Euclidean geometry abstracts the undefined and primitive concepts of points, lines and surfaces from objective objects. Geometric propositions with no doubt about the truth summed up by human beings in long-term social life have become so-called axioms (or postulates) in Euclidean geometry, such as "two points determine a straight line" and "the shortest line segment between two points". 1899, Hilbert put forward a set of the most satisfactory axiomatic system at that time in his masterpiece Basic Principles of Geometry. Euclidean geometry starts from 23 definitions, 5 postulates and 5 theorems, arranges propositions in logical order and proves them by strict deductive methods. Poincare believes that it is beautiful to deduce the most mathematical structure from the least premise. Einstein appreciated the "beauty" of Euclidean geometry very much and said with emotion: "If Euclidean geometry failed to arouse your creative enthusiasm in your childhood, then you are not a theorist."
However, in the process of scientific development, the defects of Euclidean geometry become more and more obvious. There is a "fifth postulate" in the Elements of Geometry: when two straight lines are cut by a third straight line, if the sum of two internal angles on one side is less than two right angles, the two straight lines extend to that side and then intersect. The length and ambiguity of this postulate aroused people's doubts, but it proved that its pursuit failed one after another. D'Alembert called it "dirty clothes in the principle of geometry".
1826, Lobachevsky announced his research results in a paper, which marked the establishment of non-Euclidean geometry. Roche made an assertion contrary to Euclid's parallel postulate: at least two straight lines are parallel to the known straight line through a point that is not on the known straight line. Taking this as an axiom and combining with other propositions of Euclid's geometry, he has never been contradictory. So he came to two conclusions: (1) The fifth postulate cannot be proved by other axioms and theorems; (2) On the basis of denying postulate, we can develop a series of inferences-theorems that do not contain contradictions and form a set of logically possible theories. In this new geometry, the sum of the internal angles of the triangle will be less than 180.
Thirty years later, Riemann replaced the parallel postulate with another assertion, that is, it is impossible to draw a straight line that does not intersect with the straight line outside the straight line. Therefore, he introduced a new non-Euclidean geometry-Riemann geometry.

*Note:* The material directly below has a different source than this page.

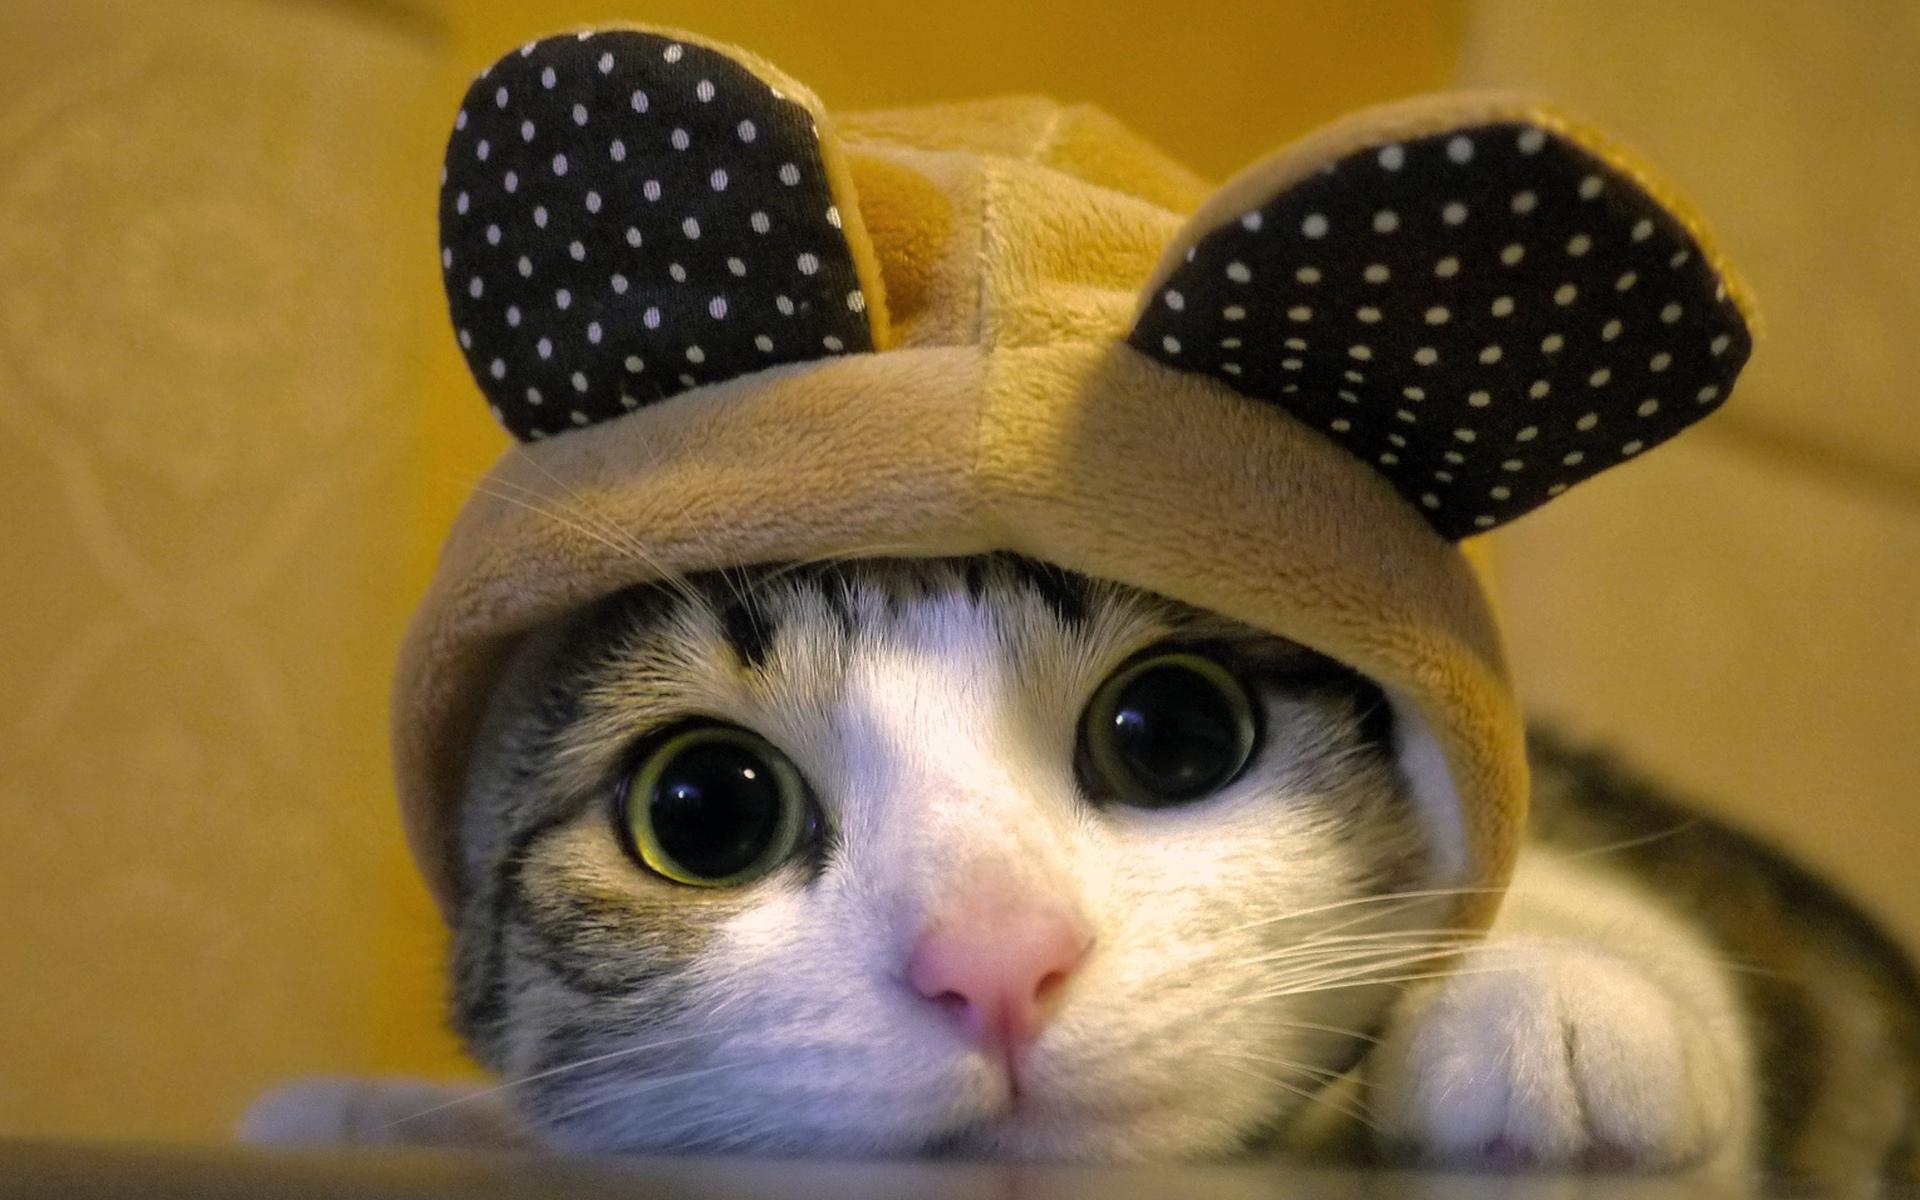 Wallpaper Px Hewan Kucing Kostum Imut

In Riemannian geometry, the sum of the internal angles of a triangle will be greater than 180. So what geometry is closer to reality? The actual measurement shows that Euclidean geometry is more in line with the objective reality, but the theory of relativity holds that Euclidean geometry is not the most accurate method to describe the material space. Which is better or worse can only be tested by practice.

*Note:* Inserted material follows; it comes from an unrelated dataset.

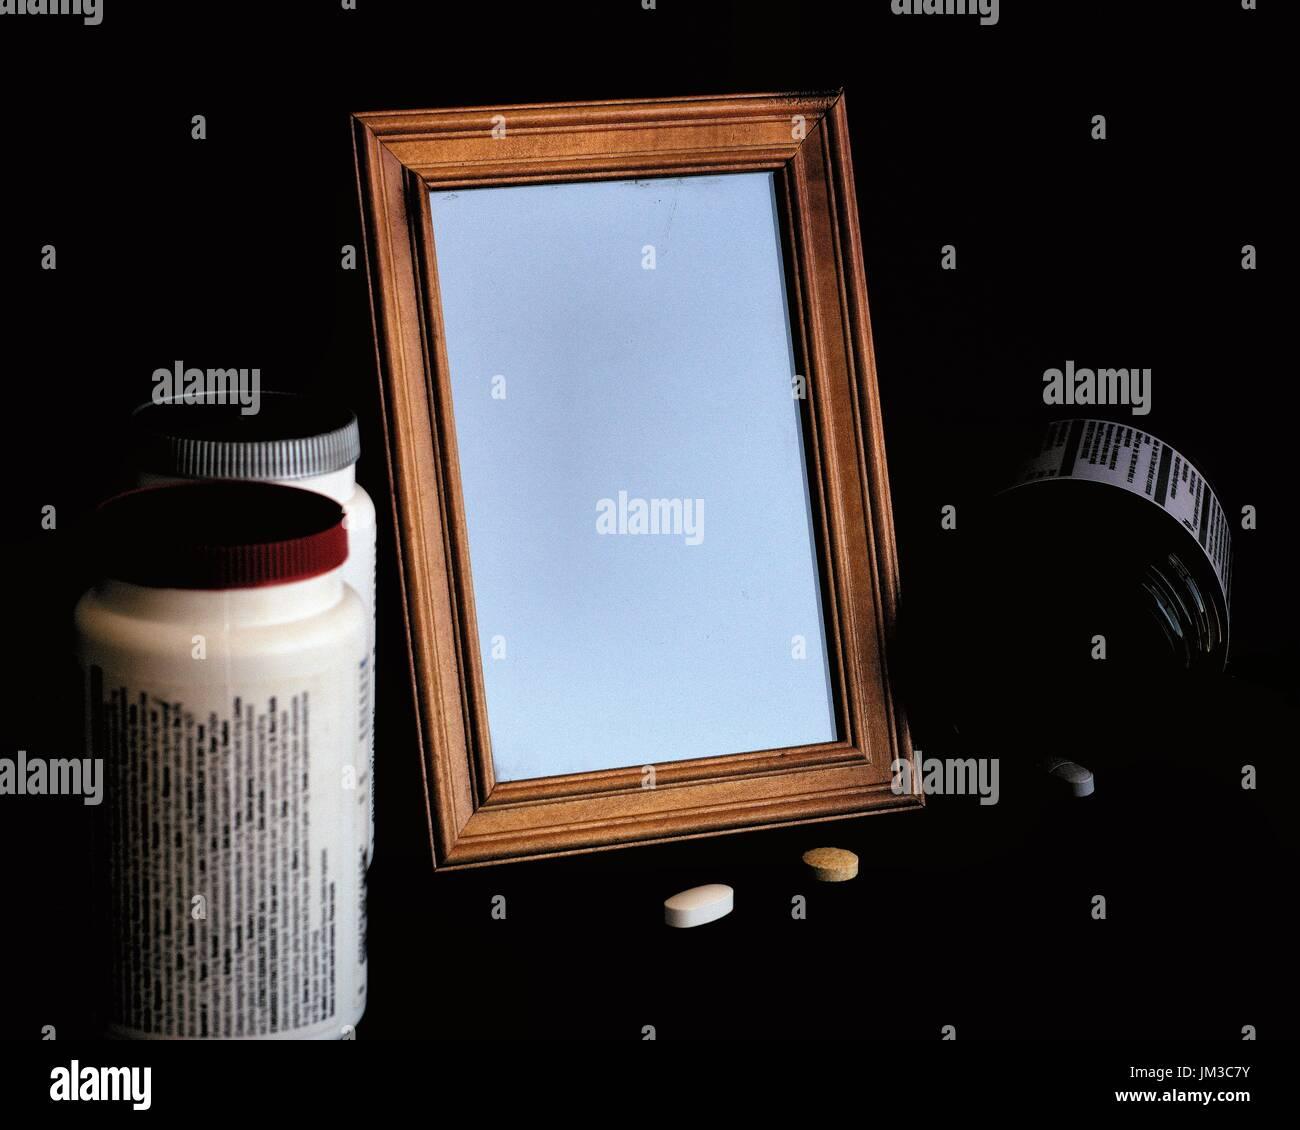 Drug Industry Stockfotos & Drug Industry Bilder - Alamy

With the development of projective geometry, by the end of 19, Euclidean geometry and non-Euclidean geometry were unified in the system of projective geometry. Klein called Euclid geometry "parabolic geometry", Roche geometry "hyperbolic geometry" and Riemann geometry "elliptic geometry". Projective geometry was born in the Renaissance, which originated from the theory of projection of objects on a plane. 1822, Poncelet separated some special properties from geometric figures as research objects, which were called projective properties, and the geometry to study the projective properties of figures was projective geometry.

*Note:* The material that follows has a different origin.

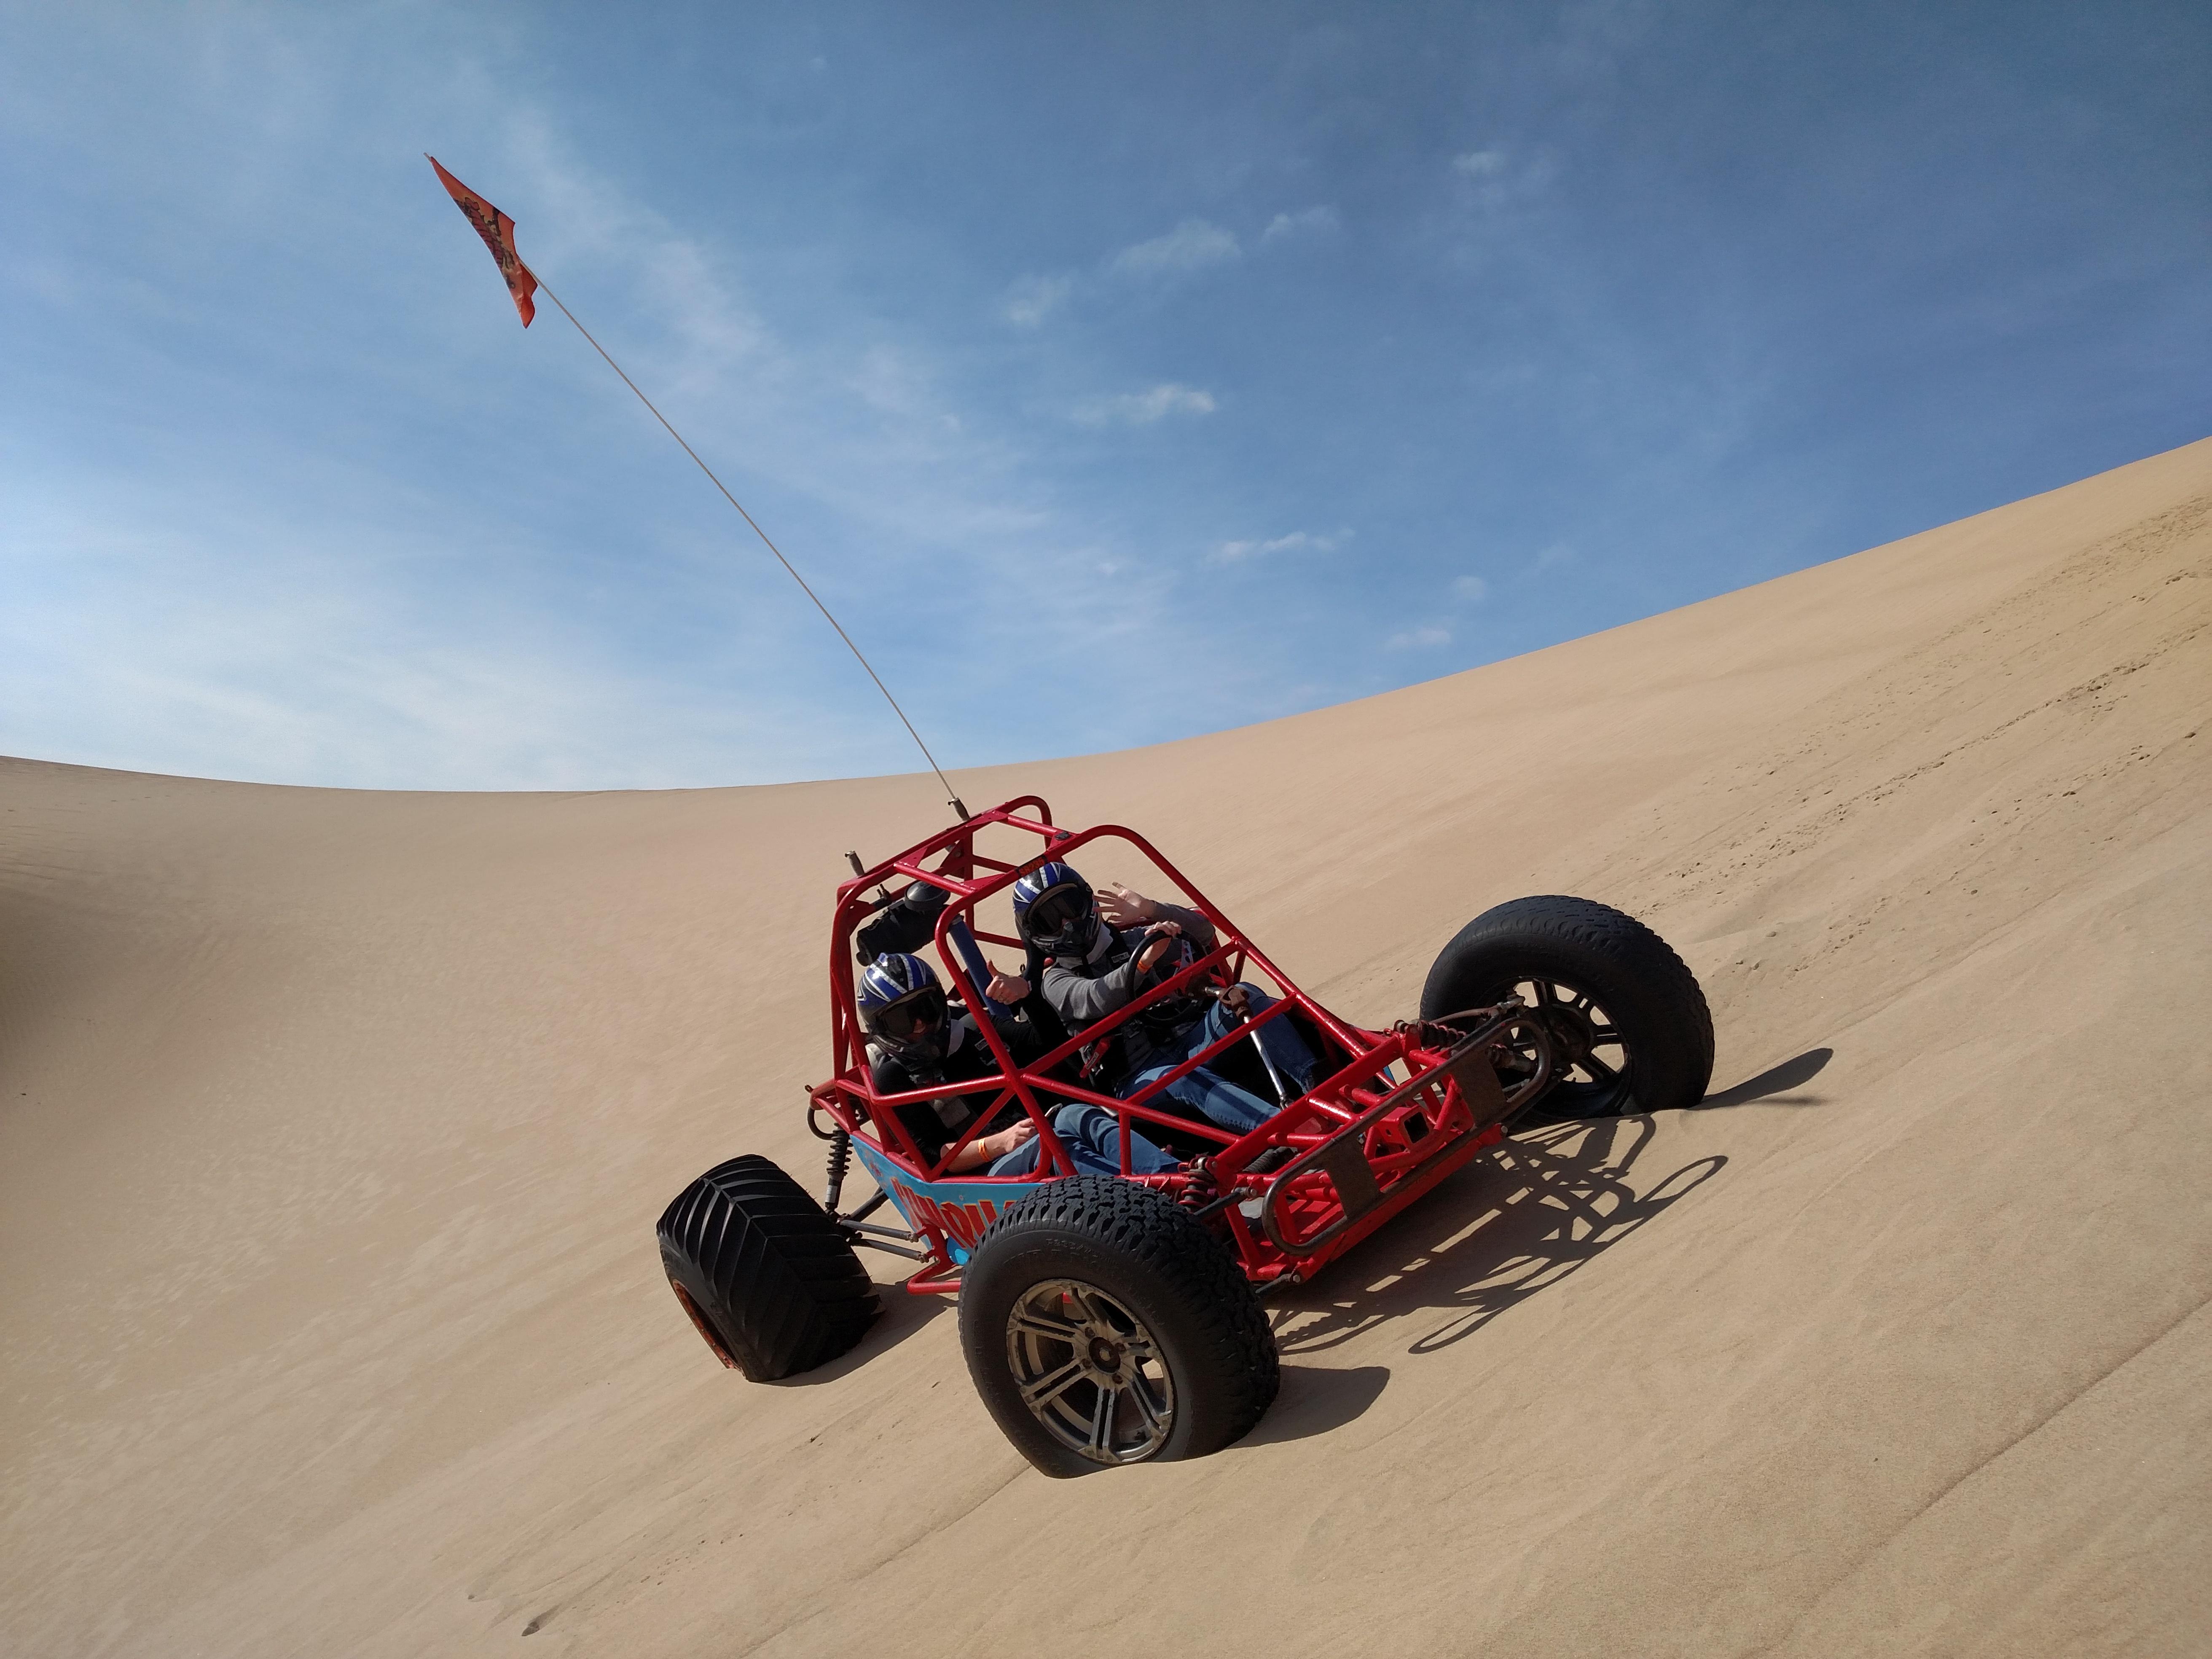 Visit Slo Cal - San Luis Obispo County - dune buggy

At the same time that projective geometry came into being, Fermat and Descartes successfully studied geometric problems with algebraic methods and created analytic geometry. The center of analytic geometry is to connect algebraic equations with curves and surfaces, so that geometric figures and algebraic languages can be transformed into each other and the number and shape can be unified. It turns a problem that can't be solved by pure geometric method into algebraic operation, which is relatively easy to solve. Analytic geometry is the result of symbolic algebra. At the same time, the concept of function has been established and developed, which is the basis of calculus.
/kloc-calculus developed rapidly in the 0 ~ (th) century. 173 1 year, differential geometry came into being. This geometry takes mathematical analysis and differential topology as research tools, and mainly discusses the properties of smooth curves and surfaces. Differential geometry is widely used in theoretical physics, such as gravitational theory and gauge field.
Cantor's point set theory expands the scope of shape, and Poincare's topology makes the continuity of shape the object of geometry research, which endows geometry with new contents. With the explosive development of modern mathematics, the branches of geometry have emerged in an endless stream and taken on a new look. No one can predict how tomorrow's geometry will be presented to people.